Start to finish, print the data below exactly, without the images.

:: Source material ::
****************************************

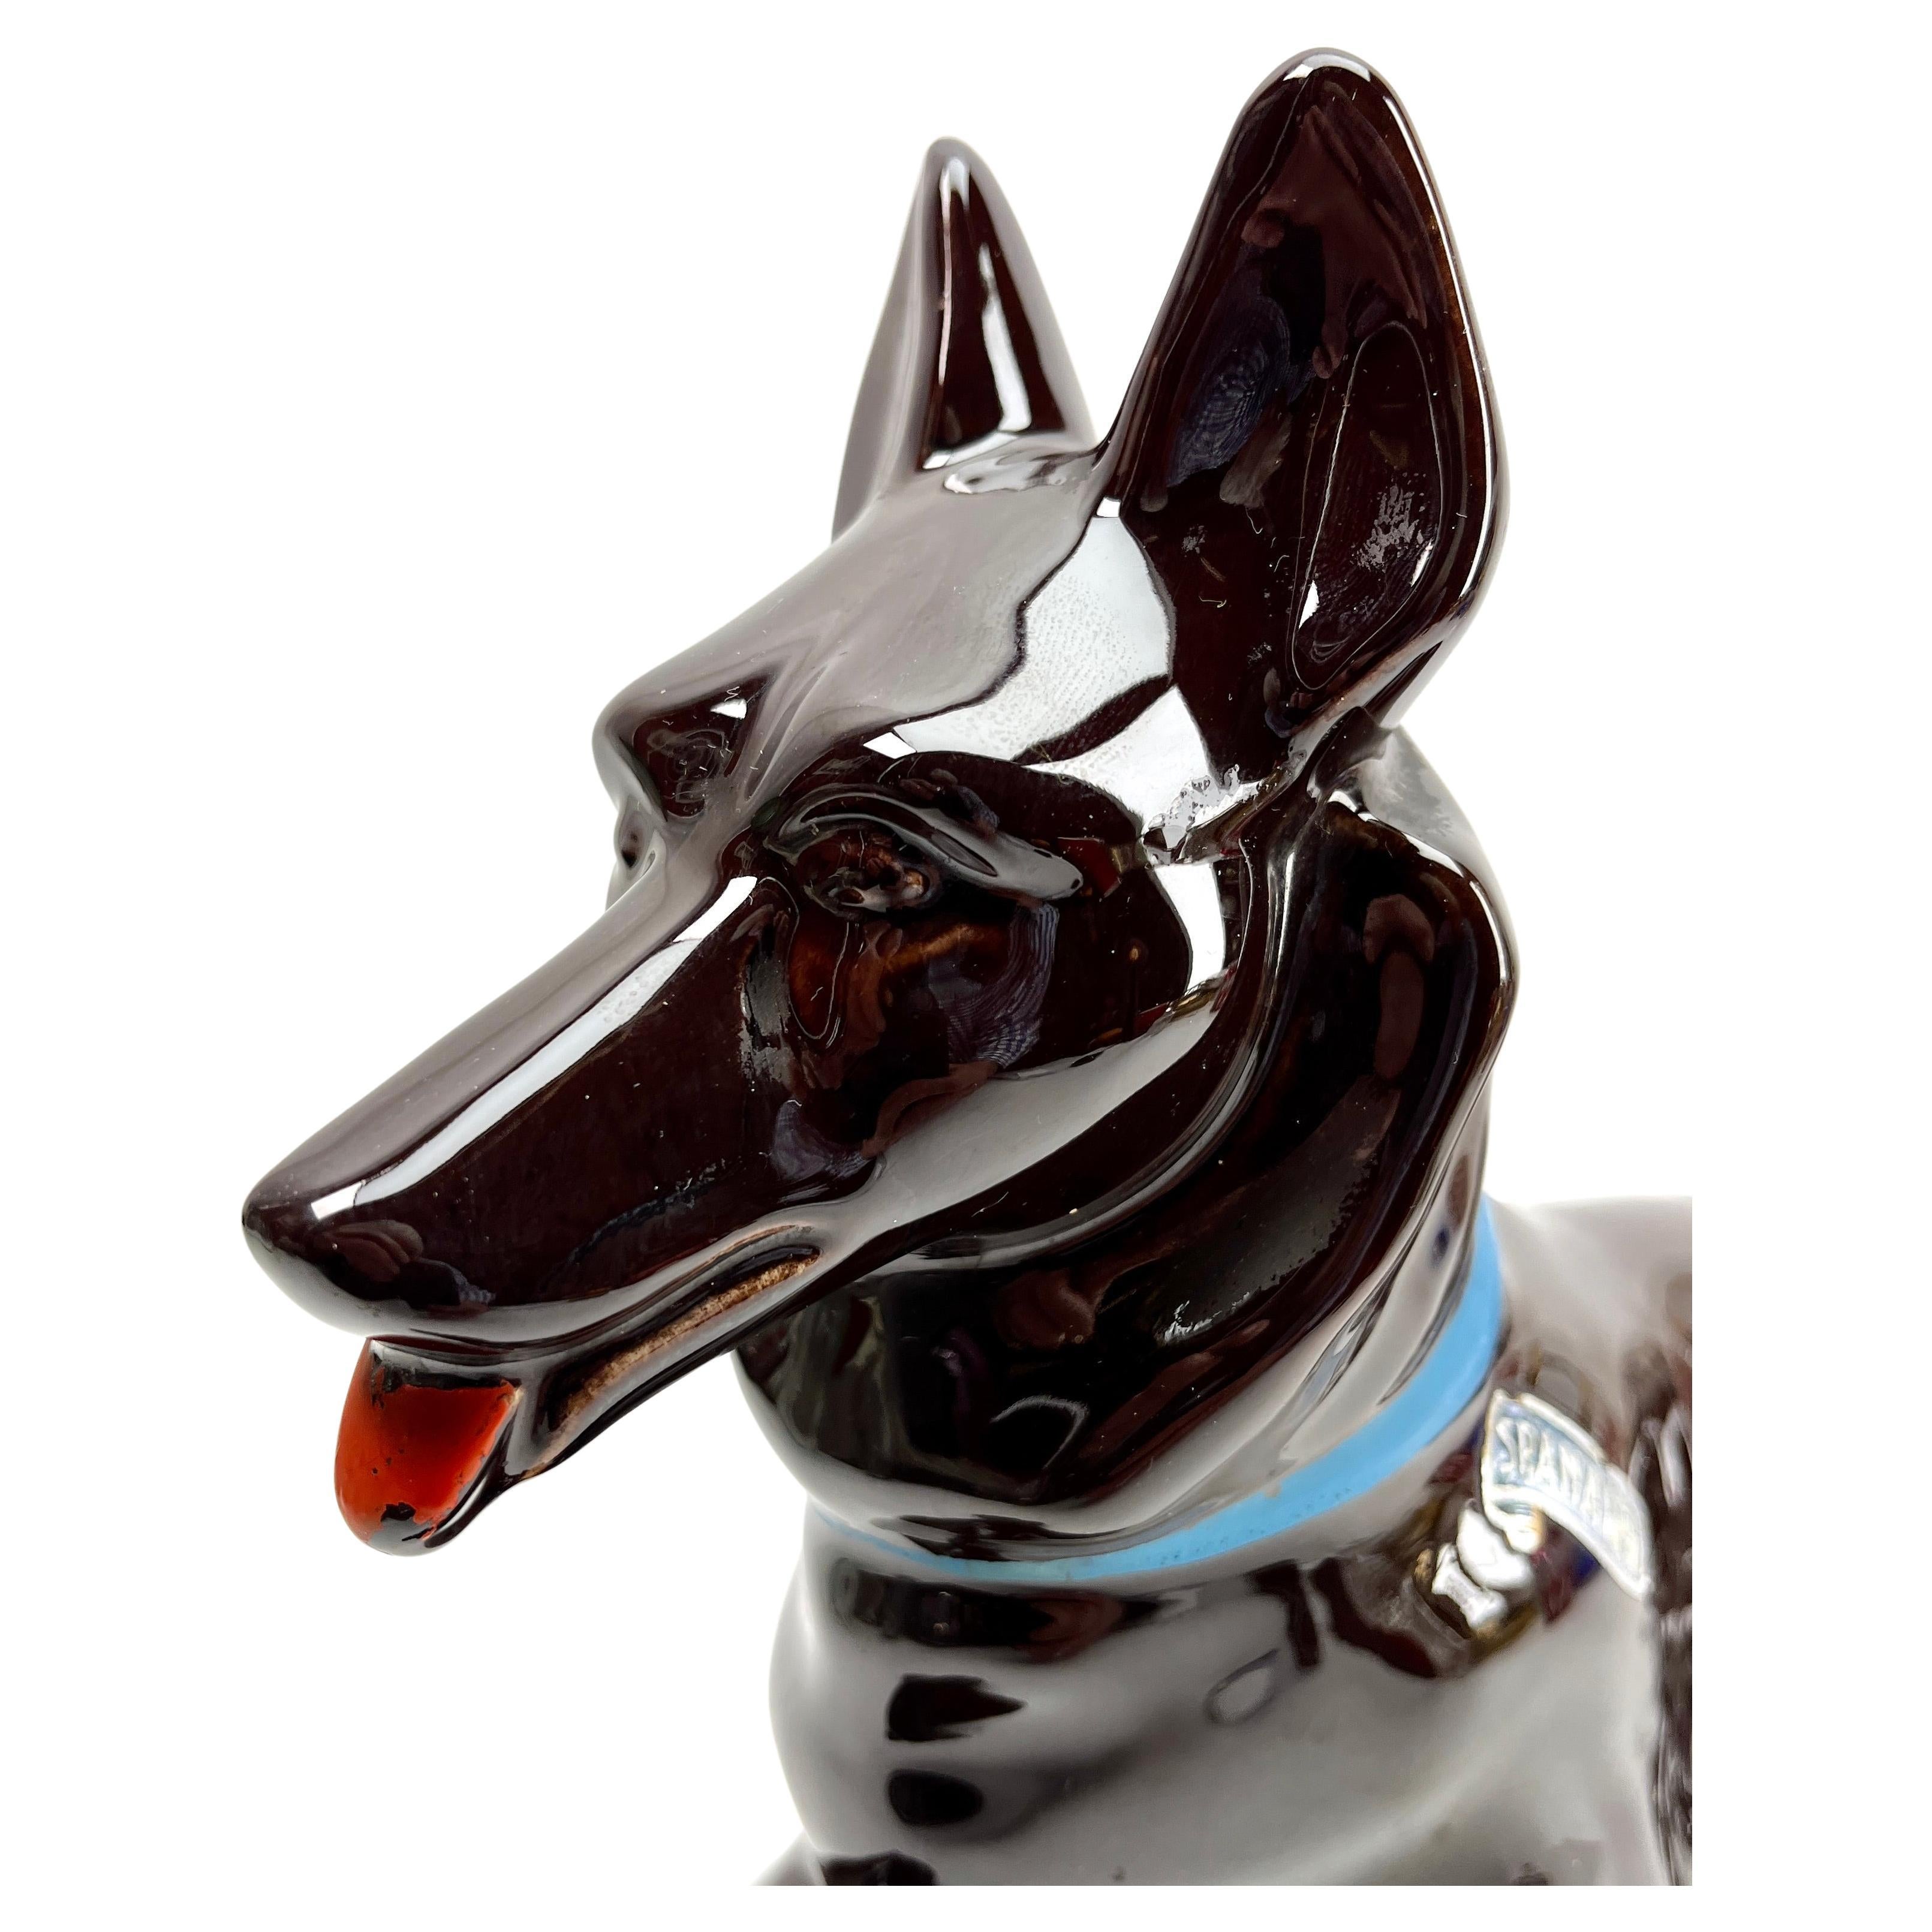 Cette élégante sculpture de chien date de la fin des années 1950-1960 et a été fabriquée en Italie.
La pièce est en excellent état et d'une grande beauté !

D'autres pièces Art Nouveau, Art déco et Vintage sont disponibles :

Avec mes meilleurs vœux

****************************************

:: Answer to this problem ::
 Cette élégante sculpture de chien date de la fin des années 1950-1960 et a été fabriquée en Italie.
La pièce est en excellent état et d'une grande beauté !

D'autres pièces Art Nouveau, Art déco et Vintage sont disponibles :

Avec mes meilleurs vœux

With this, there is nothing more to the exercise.